Three weeks before she was set to compete in the Shure Montreux Jazz Voice Competition in Switzerland, Arta Jekabsone, Jazz ’17, injured her voice so badly her doctor advised her not to perform. Armed with a stubborn attitude, and encouraging words from her professors, Jekabsone traveled to the festival anyway. She won first place.
If the experience taught her anything, it’s that “you don’t always need a beautifully sung melody or perfect pitch” to connect with listeners.
“The process of creativity inspired me to enter the competition,” said Jekabsone. “I had taken classes with La Tanya Hall, who opened my eyes to the fact that sometimes, the story you tell is the key to reaching the hearts of the audience.”
Jekabsone’s winning performance featured a song delivered in her mother tongue of Latvian, underscoring the international flavor of the highly competitive festival. Her application to the festival included two songs that were recorded with the help of New School musicians.

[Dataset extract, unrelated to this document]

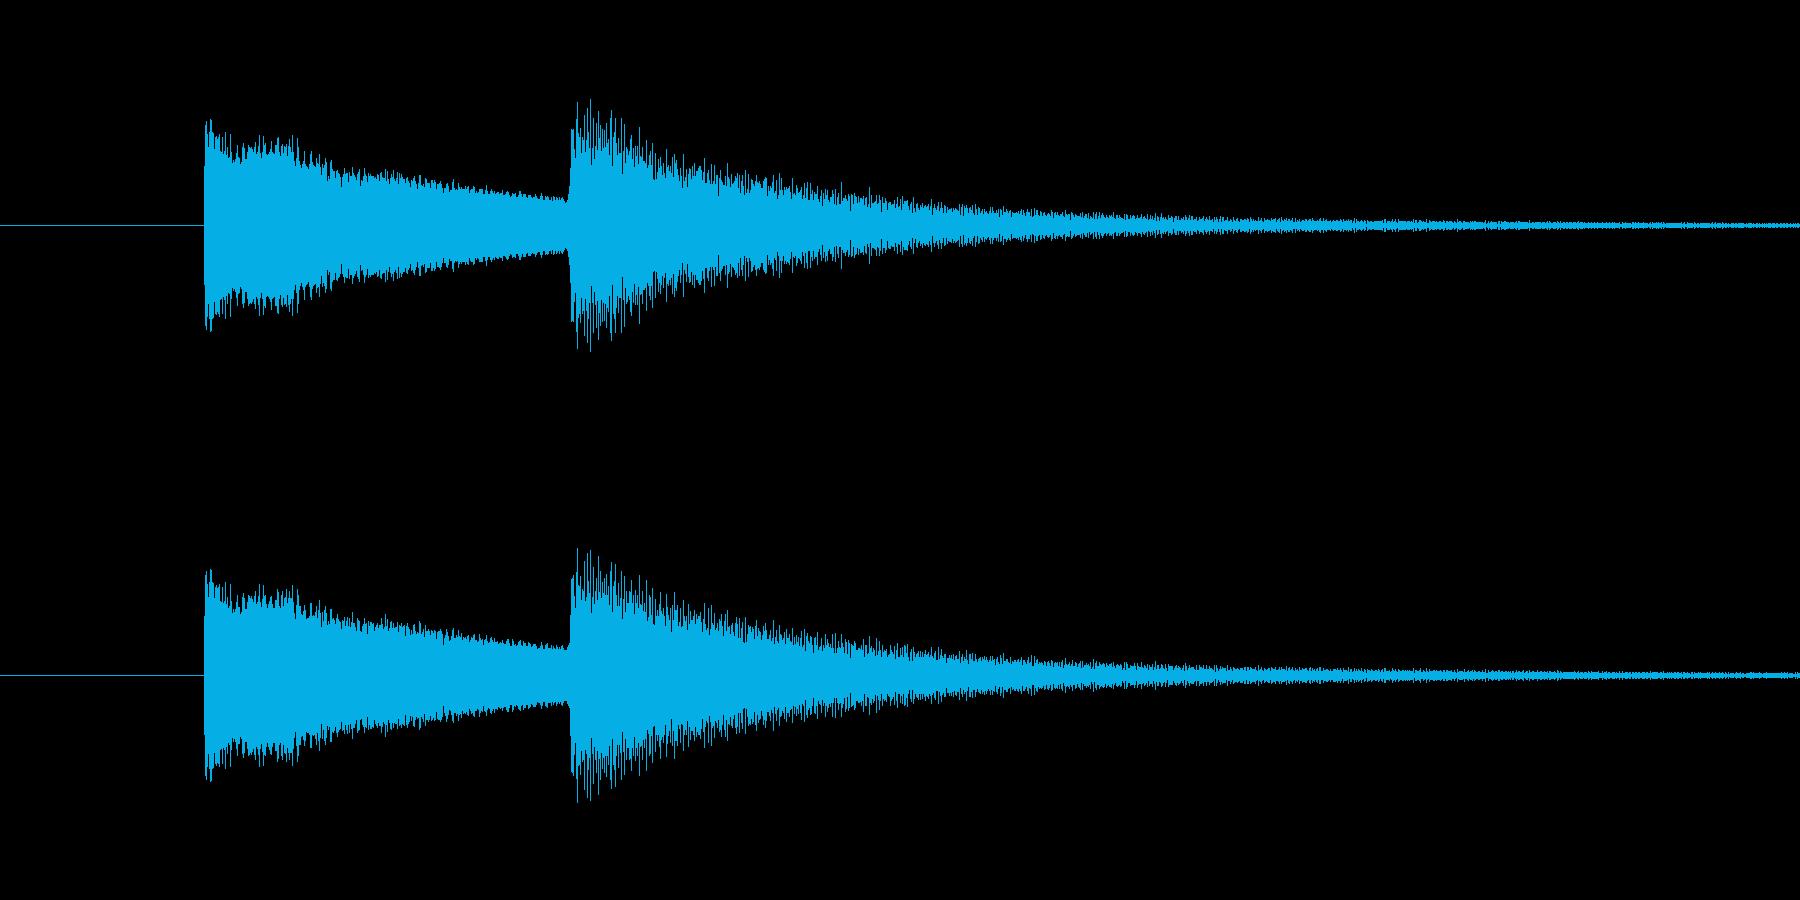 玄関ドアチャイム(キンコーン)の再生済みの波形
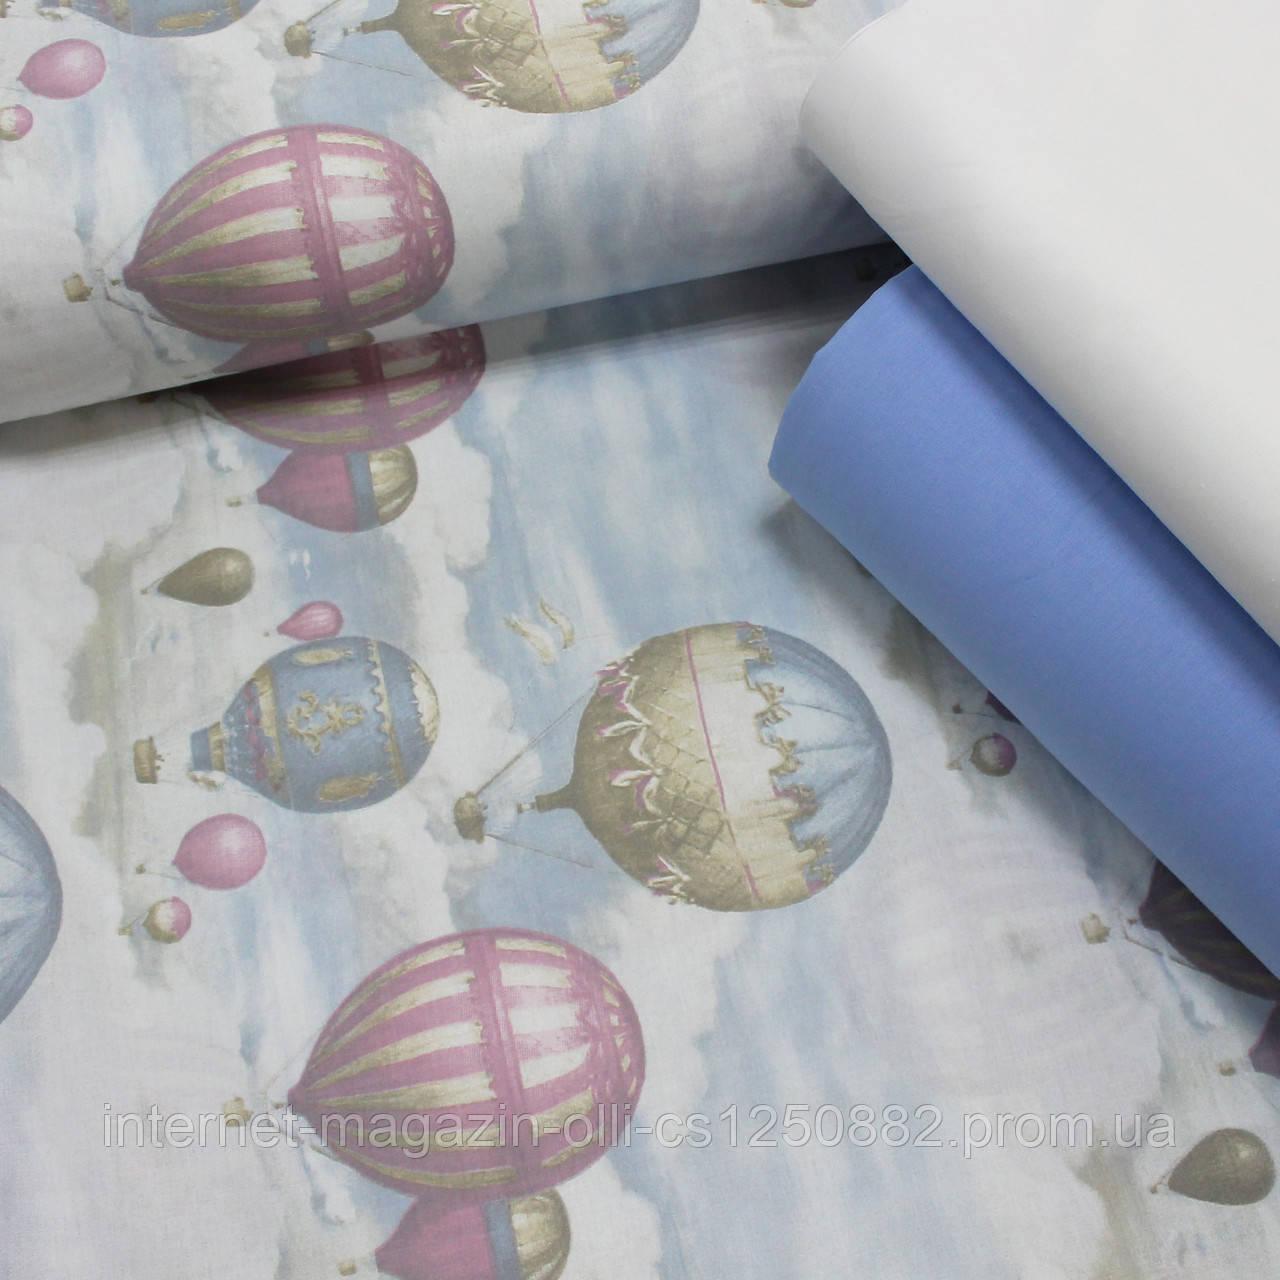 Хлопковая ткань (ТУРЦИЯ шир. 2,4 м) воздушные шары на светло-голубом

Jekabsone, who recently returned to Montreux for a week of workshops and performances, is starting her career with an acclaimed honor on her resume.
“I truly enjoyed the whole process, because for me it’s all about playing,” said Jekabsone. “The music scene has changed so much, as musicians have to be versatile, able to perform, teach, compose, and conduct business. I would love to see myself as a performing artist and composer in the future.”